• [Exercise aim]:
Pictures aside, reproduce exactly and only the lines below, starting at the one containing "Shop Sandro Distressed" and ending at the last line.

• [Data section]:
§

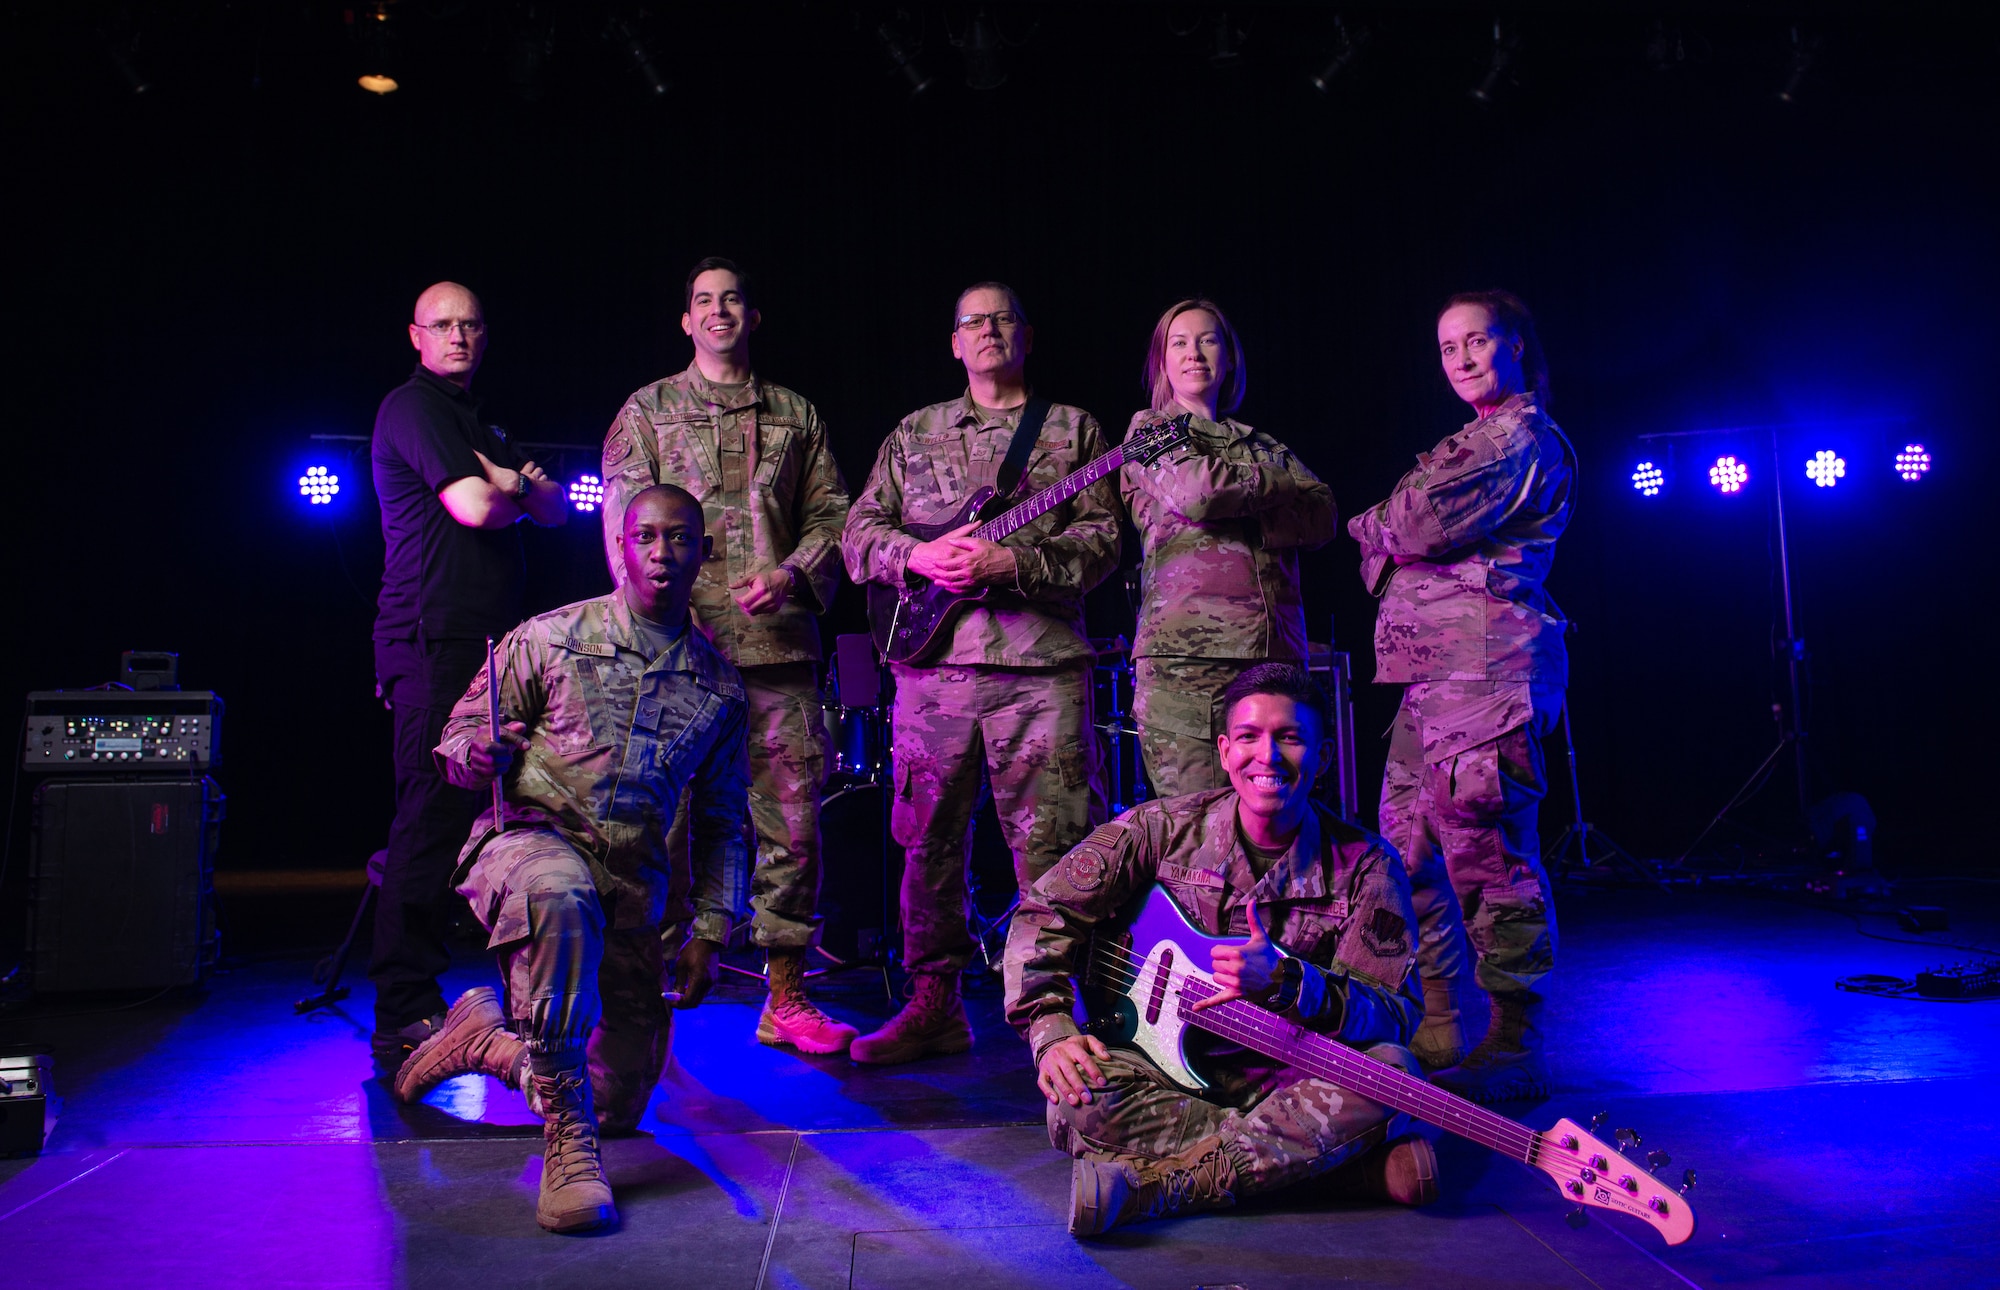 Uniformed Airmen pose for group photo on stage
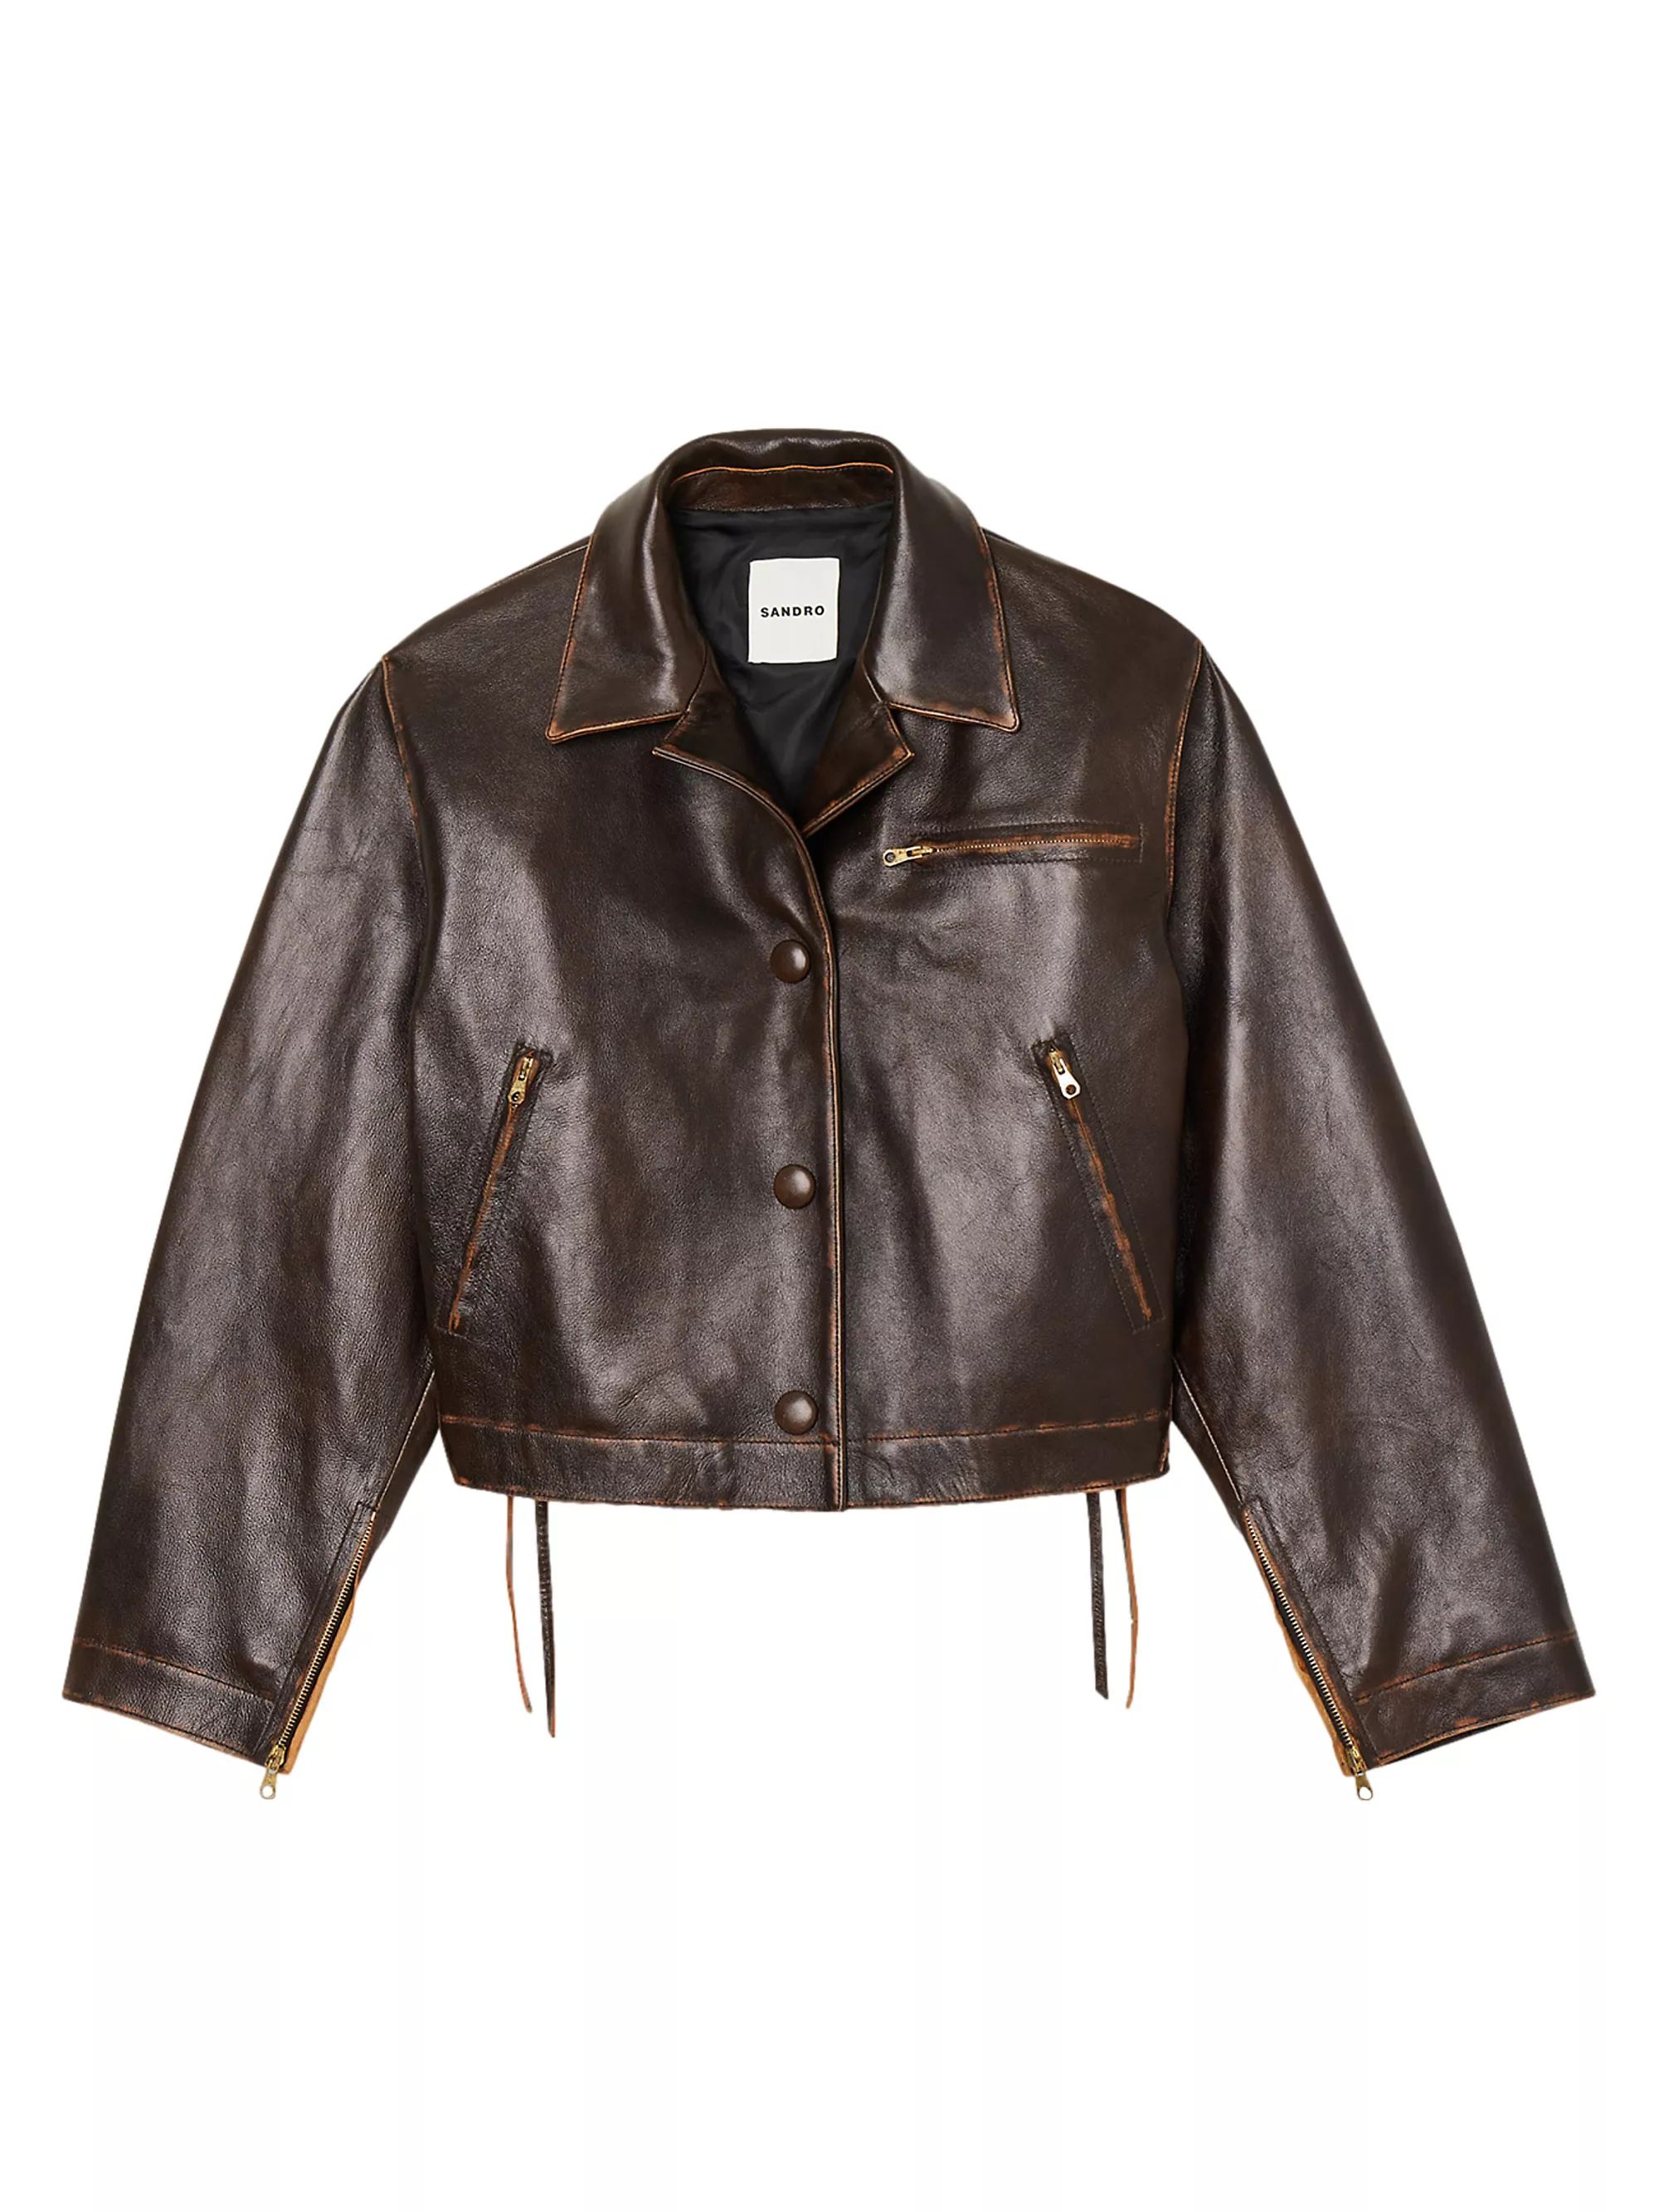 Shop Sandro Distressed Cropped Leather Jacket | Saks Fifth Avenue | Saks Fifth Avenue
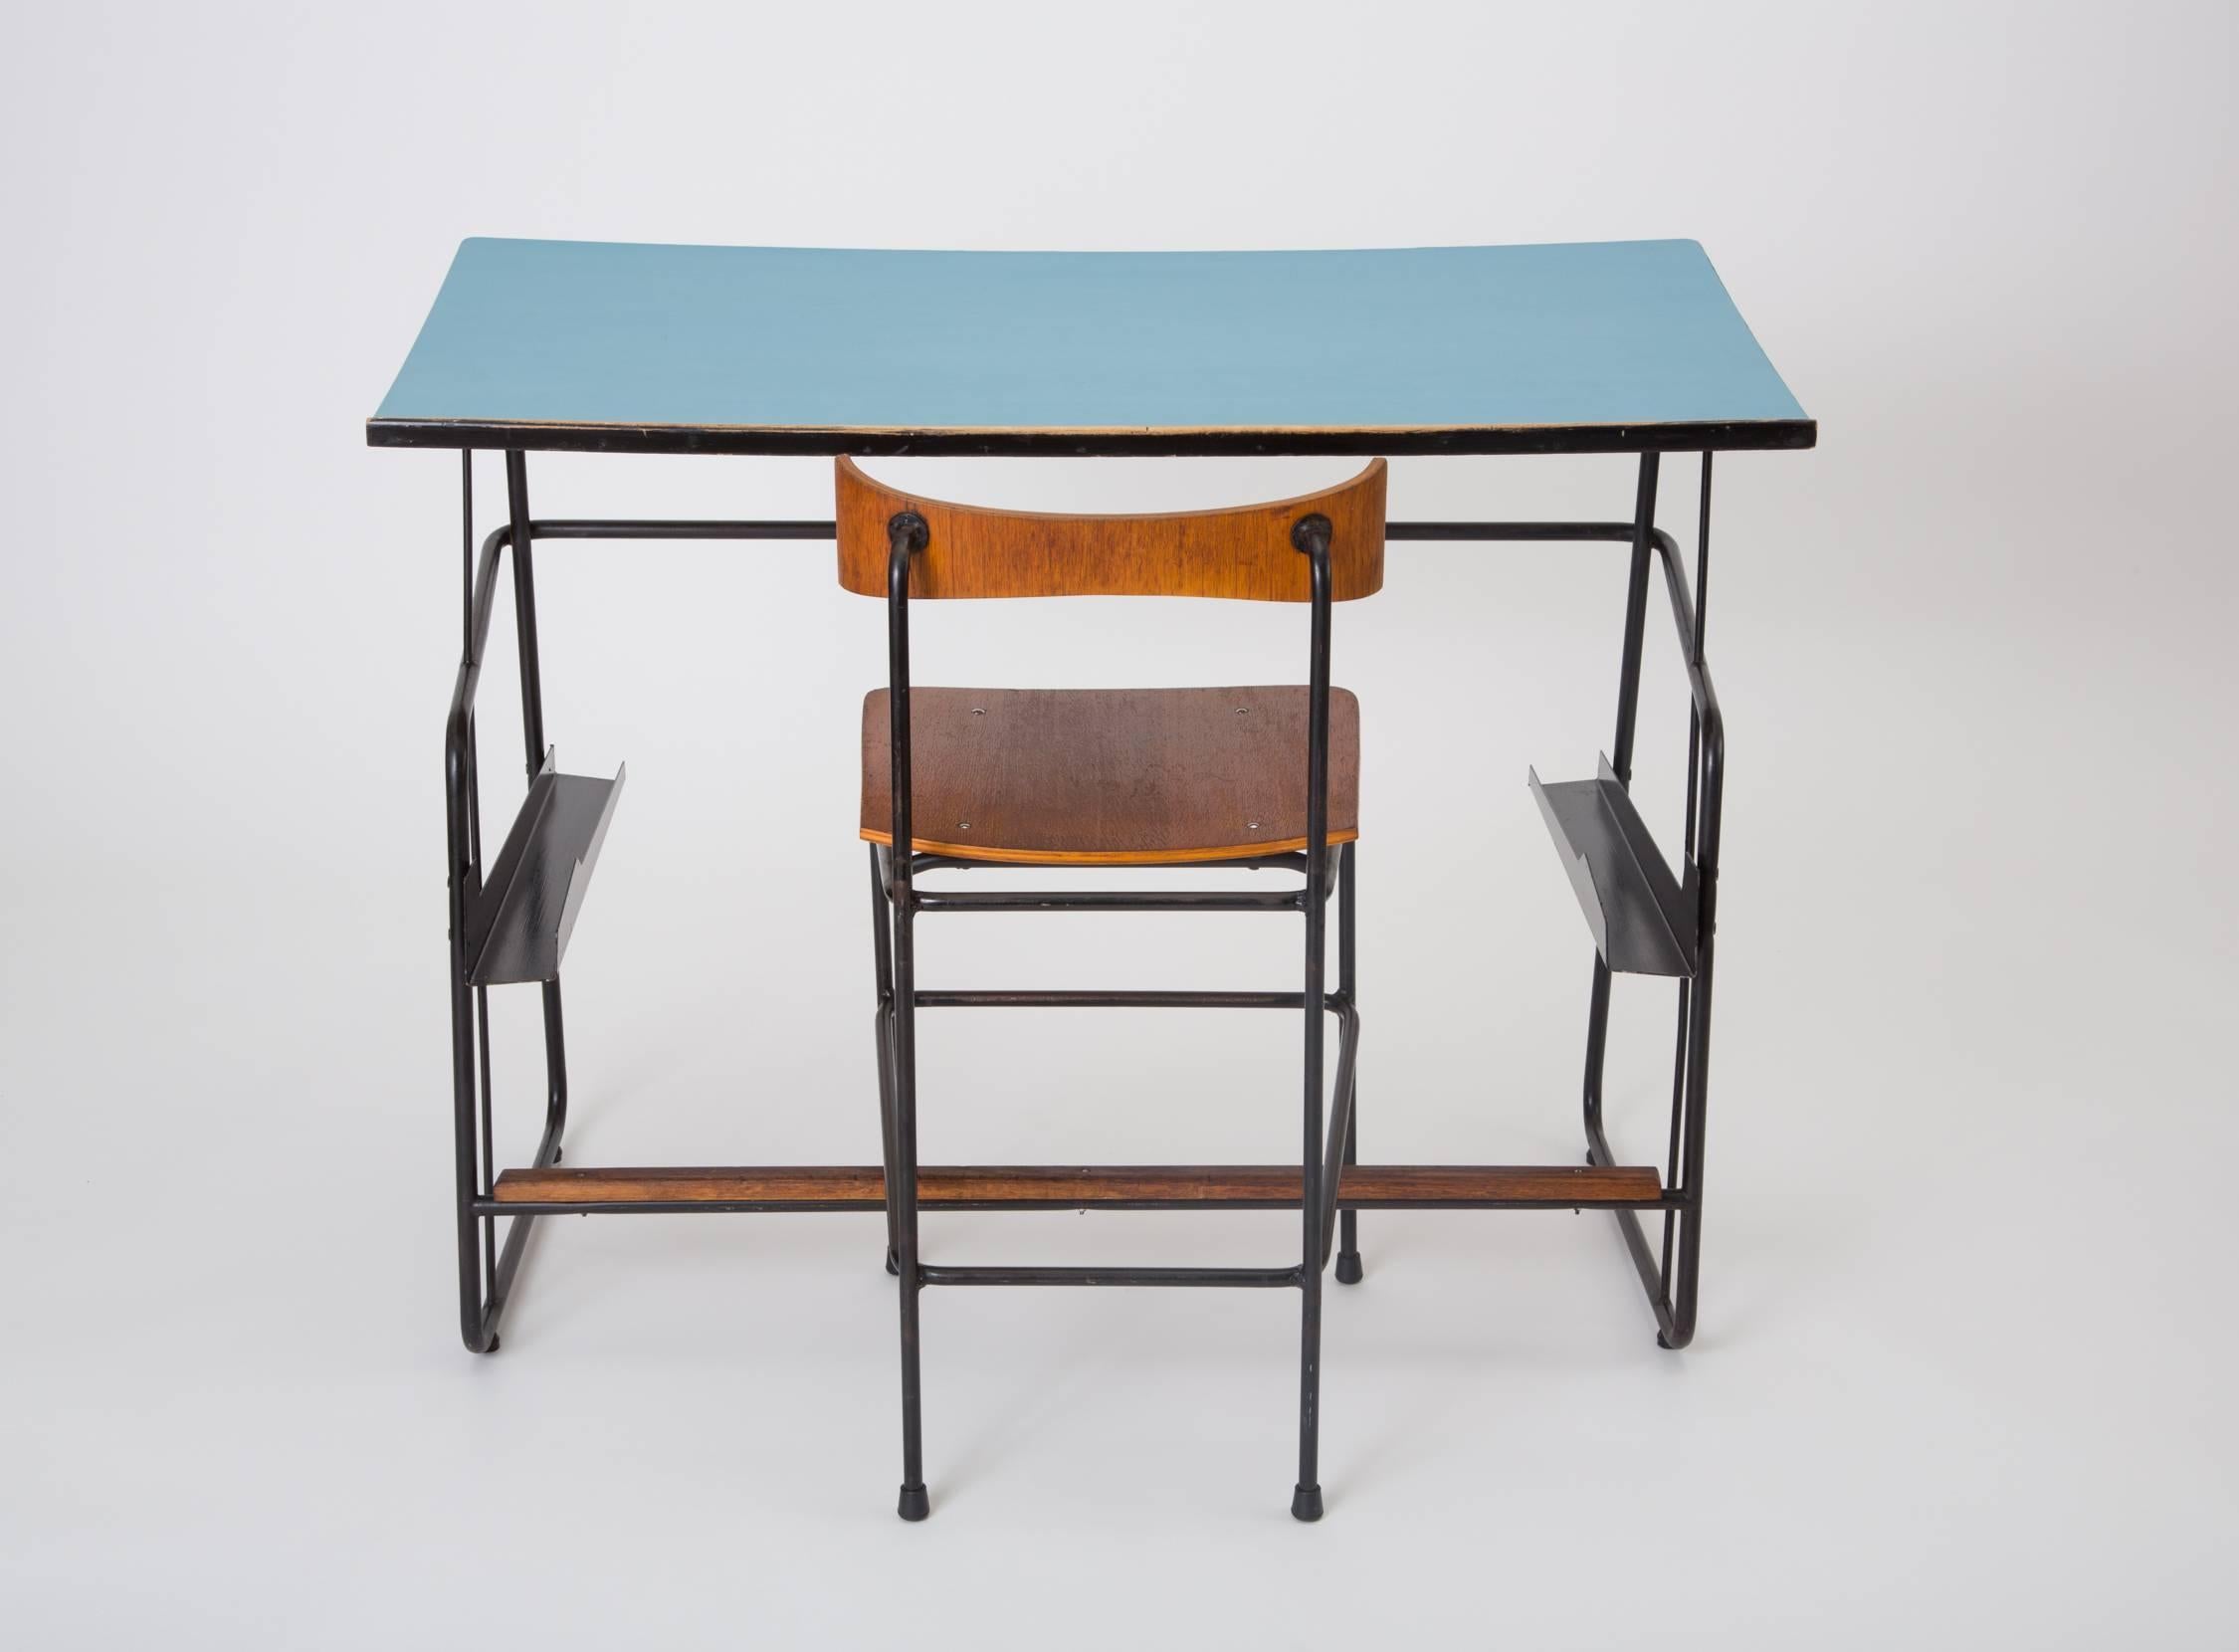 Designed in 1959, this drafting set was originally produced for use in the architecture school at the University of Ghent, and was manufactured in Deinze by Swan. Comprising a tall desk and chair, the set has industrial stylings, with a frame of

§

• [Output of the exercise]:
 Shop Sandro Distressed Cropped Leather Jacket | Saks Fifth Avenue | Saks Fifth Avenue
 Designed in 1959, this drafting set was originally produced for use in the architecture school at the University of Ghent, and was manufactured in Deinze by Swan. Comprising a tall desk and chair, the set has industrial stylings, with a frame of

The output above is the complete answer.